Amerie’s usual musical markers are present: there are the lush, weaving harmonies and unorthodox vocal arrangements that have been part of her music since her debut; there is her second-natured way of riding a hip-hop beat, which this time around, is laced with trance-y trap. But also ever-present is auto-tune, which is employed to hypnotically soothing results. “Some people detest auto-tune, but I love it. It’s an instrument to play with other instruments, including one’s voice, and it really made the creative process interesting and new.”

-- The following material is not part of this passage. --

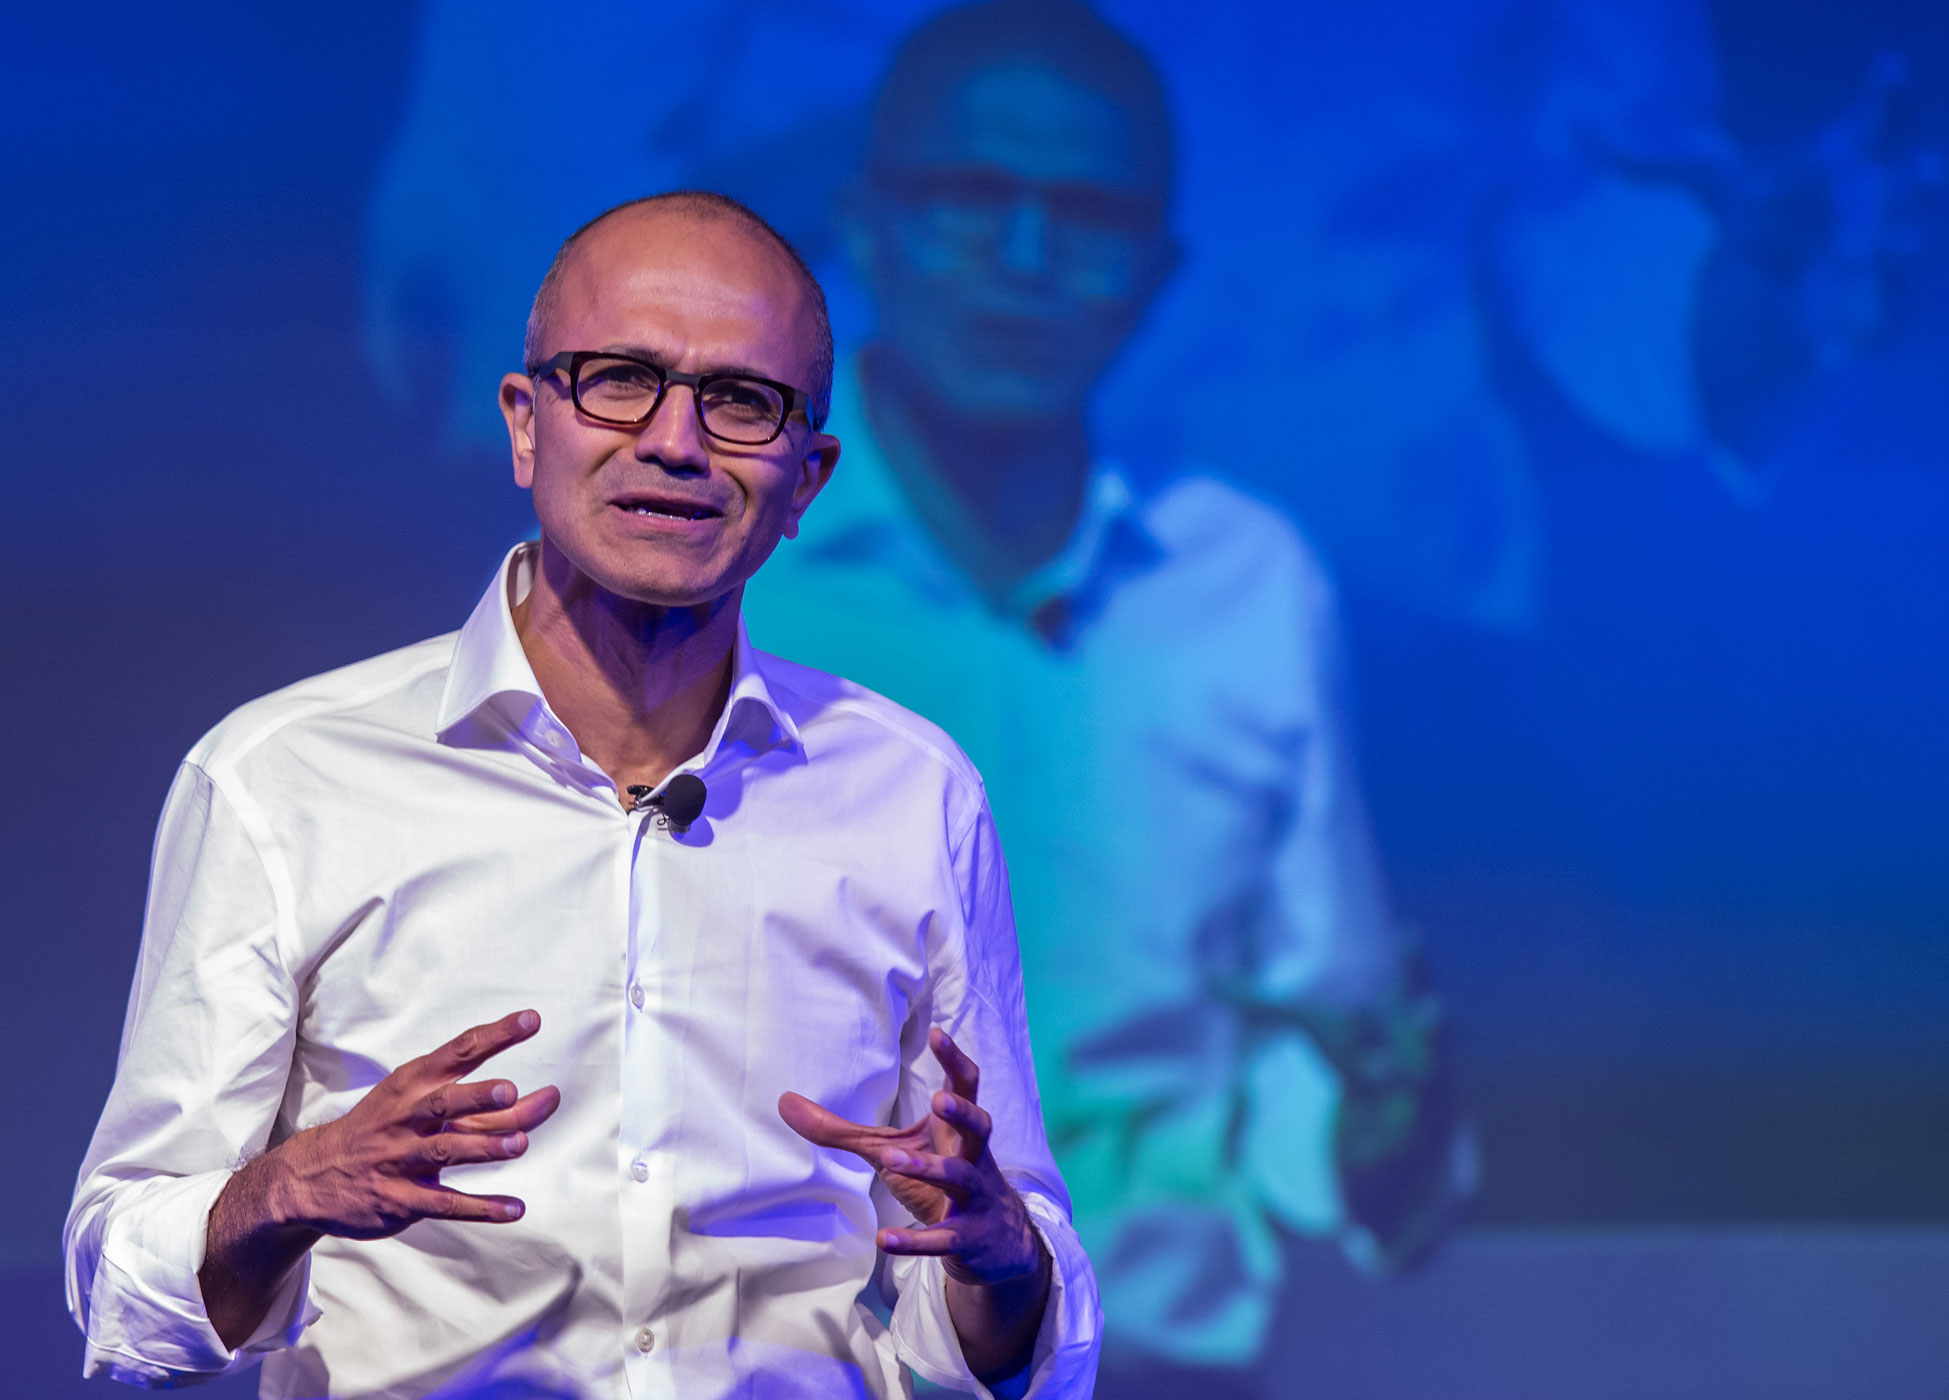 Satya Nadella, chief executive officer of Microsoft Corp., speaks to students during the Microsoft Talent India conference in New Delhi, India, on Tuesday, Sept. 30, 2014. (Graham Crouch—Bloomberg/Getty Images)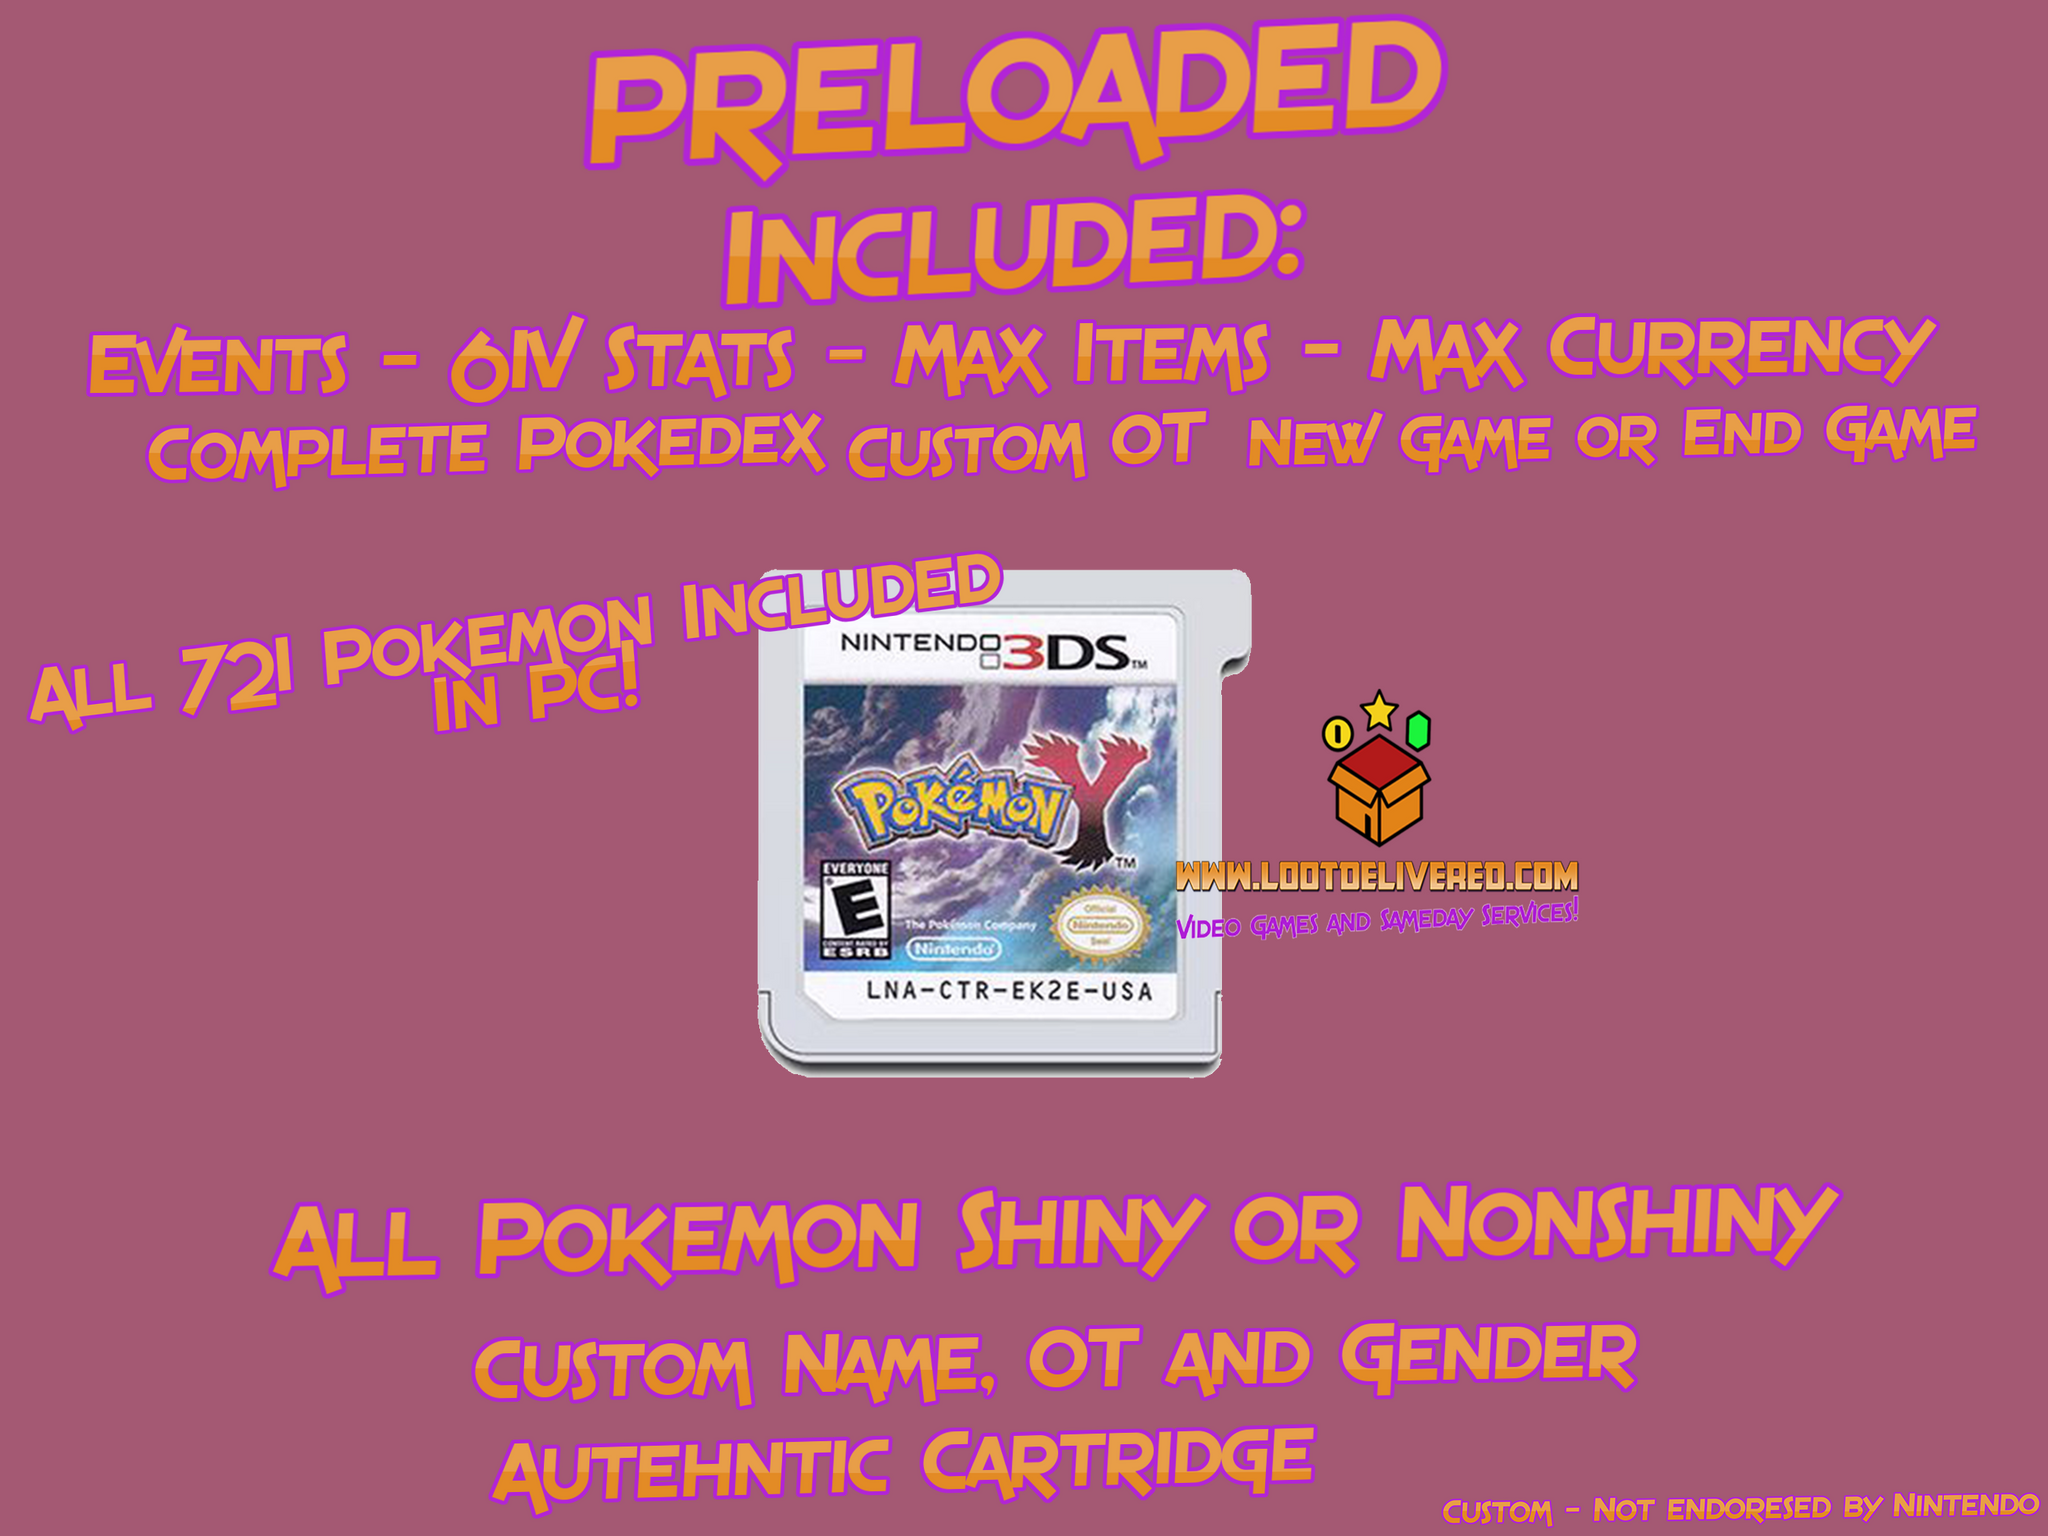 Pokemon Y Enhanced! - Loaded (Physcial + Legit With All Pokemon Event 3DS 721 Enhanced Game)

Amerie’s vocal approach is certainly unconventional. Some of the songs have a more stripped down, androgynous vocal tone, an uncommon style more at home with eighties New Wave than R&B. “It’s something I started thinking about and experimenting with ten years ago, on a few unreleased songs. I wanted to use a more androgynous vocal because to me, it symbolizes the universal aspects of love and life. In the song ‘4AM Mulholland’ especially, I wanted to strip the vocal down, to let even gender fall away, to get to the essence of the message.”

Amerie’s assured yet subtle approach results in some of her best, most refreshing music to date: an innovative, postmodern hip-hop/R&B sound in a brew that only Amerie would deliver.